Тэнни вспомнил войну. Он всегда откликался, когда кто‑то звал санитара, а вот сумел ли он кого‑нибудь спасти? Как‑то одному молодому солдату, ковбою из штата Вайоминг, совсем недавно оказавшемуся у них во взводе, пуля пробила грудь. Браун пытался спасти его, но дыхание со зловещим свистом вырывалось у раненого из пробитой груди. Солдат был в шоке от боли, но не сводил глаз с Тэнни, вероятно ожидая какого‑нибудь знака, по которому он понял бы, суждено ему жить или предстоит умереть. Когда раненый испустил последний свистящий вздох, он все еще смотрел на Тэнни. Такие же глаза были у Джорджа и Бетти Шрайвер, когда он приехал к ним домой, чтобы сообщить страшную весть.
Браун был знаком с Джорджем Шрайвером с того самого дня, когда пошел работать уборщиком в магазин к его отцу, тогда Джордж взял вторую швабру и стал вместе с ним мести пол.
«Скольких же людей я уже проводил на тот свет?!» В последний раз взглянув на снимок, он дрожащей рукой поставил рамку с фотографией обратно на секретер дочери, мысленно поблагодарил Джоанну за все, что она сделала для него и его семьи, и пообещал ей, что ее смерть непременно будет отомщена.

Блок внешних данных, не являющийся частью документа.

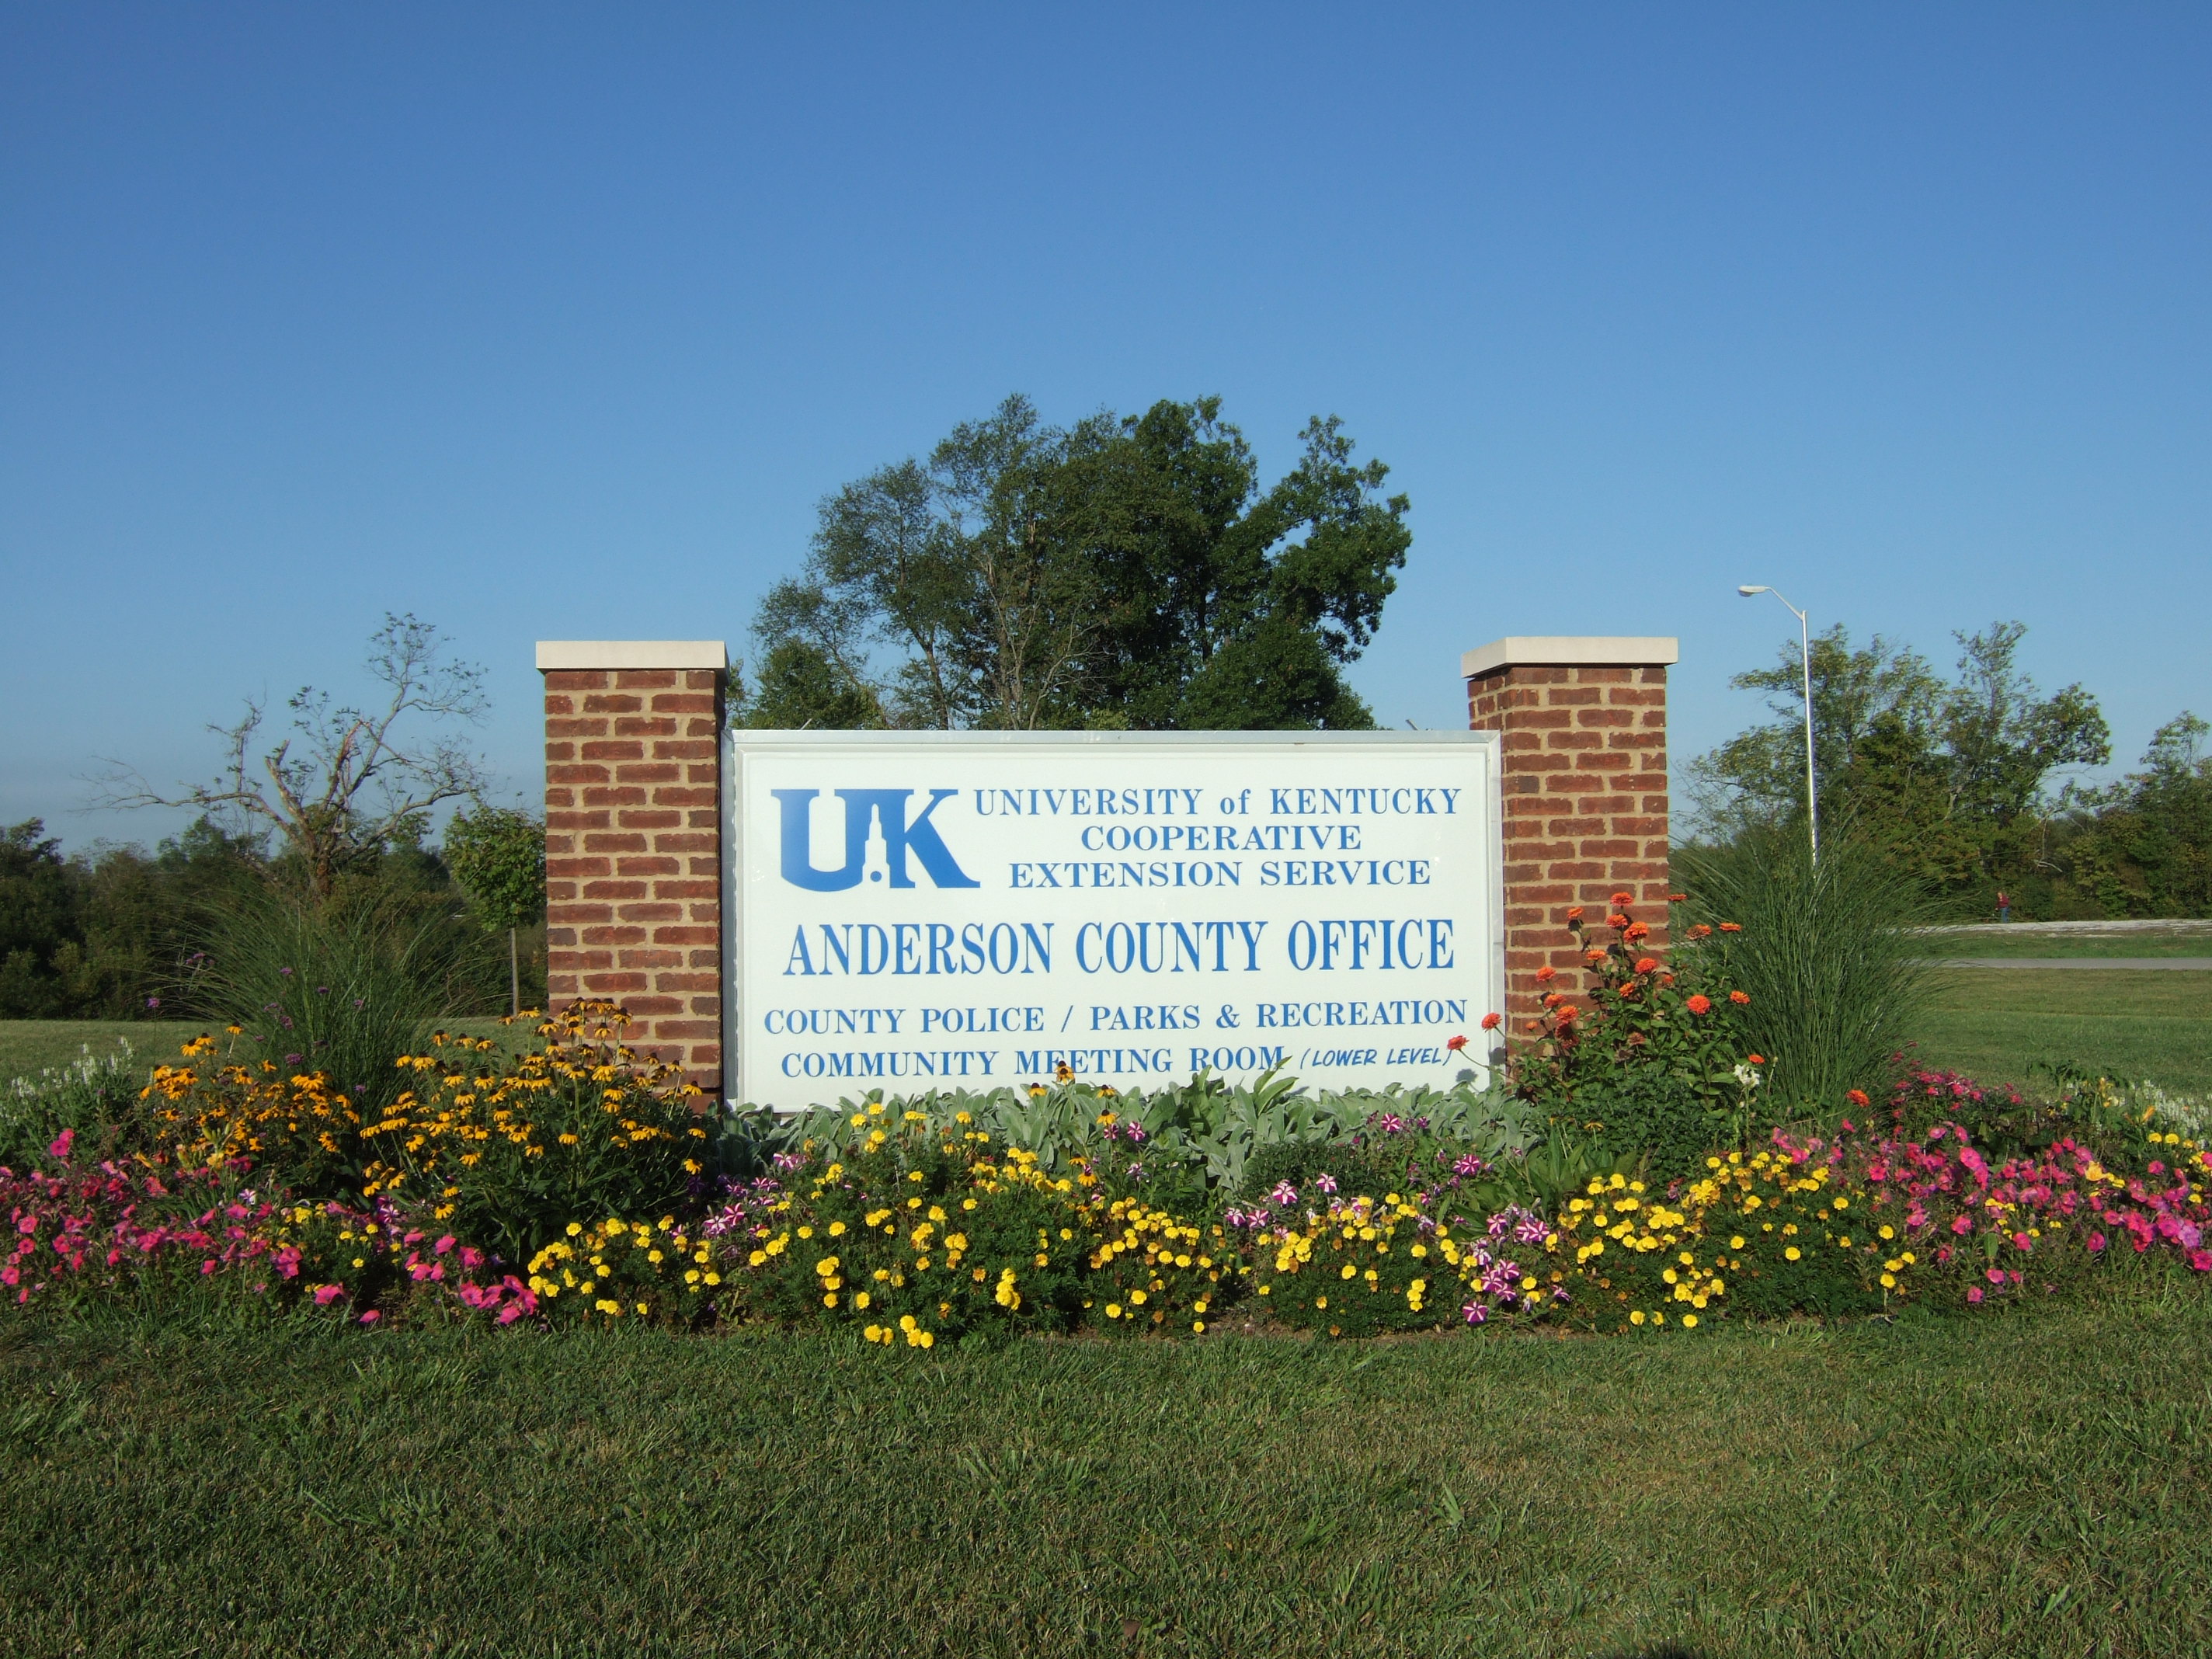 Photo of outside sign and flowers

Вернувшись к себе в спальню, Тэнни больше не вспоминал о своей усталости и не думал об отдыхе. Движимый волной нахлынувших эмоций, он собрал кое‑какую одежду в небольшой чемодан и стал звонить в аэропорт, чтобы узнать о времени следующего рейса в Майами.
Глава 13
Не рой себе яму
Мэтью Кауэрт не находил себе места.
Наутро после казни Блэра Салливана его не покидало ощущение, словно он следующий в очереди на электрический стул. Журналист почти всю ночь провел за рулем. Он преодолел триста с лишним миль. Он ехал быстро, но, к его удивлению, его ни разу не остановили за превышение скорости, хотя по дороге попадались патрульные полицейские машины, следовавшие во встречном направлении. Кауэрт несся сквозь тьму, а сердце его терзали сомнения. Первые лучи утреннего солнца не принесли облегчения. Уже совсем рассвело, когда он наконец сдал взятую напрокат в Старке машину сотруднику компании «Херц» в международном аэропорту Майами, который никак не мог взять в толк, почему Кауэрт не вернул машину там же, где и взял, – в Северной Флориде. Кубинец‑таксист, без умолку болтавший то на английском, то на испанском о бейсболе и политике, ничего не понимая ни в том ни в другом, с трудом пробился сквозь утренние пробки, и Кауэрт ступил на тротуар, асфальт которого уже начал плавиться под лучами палящего солнца.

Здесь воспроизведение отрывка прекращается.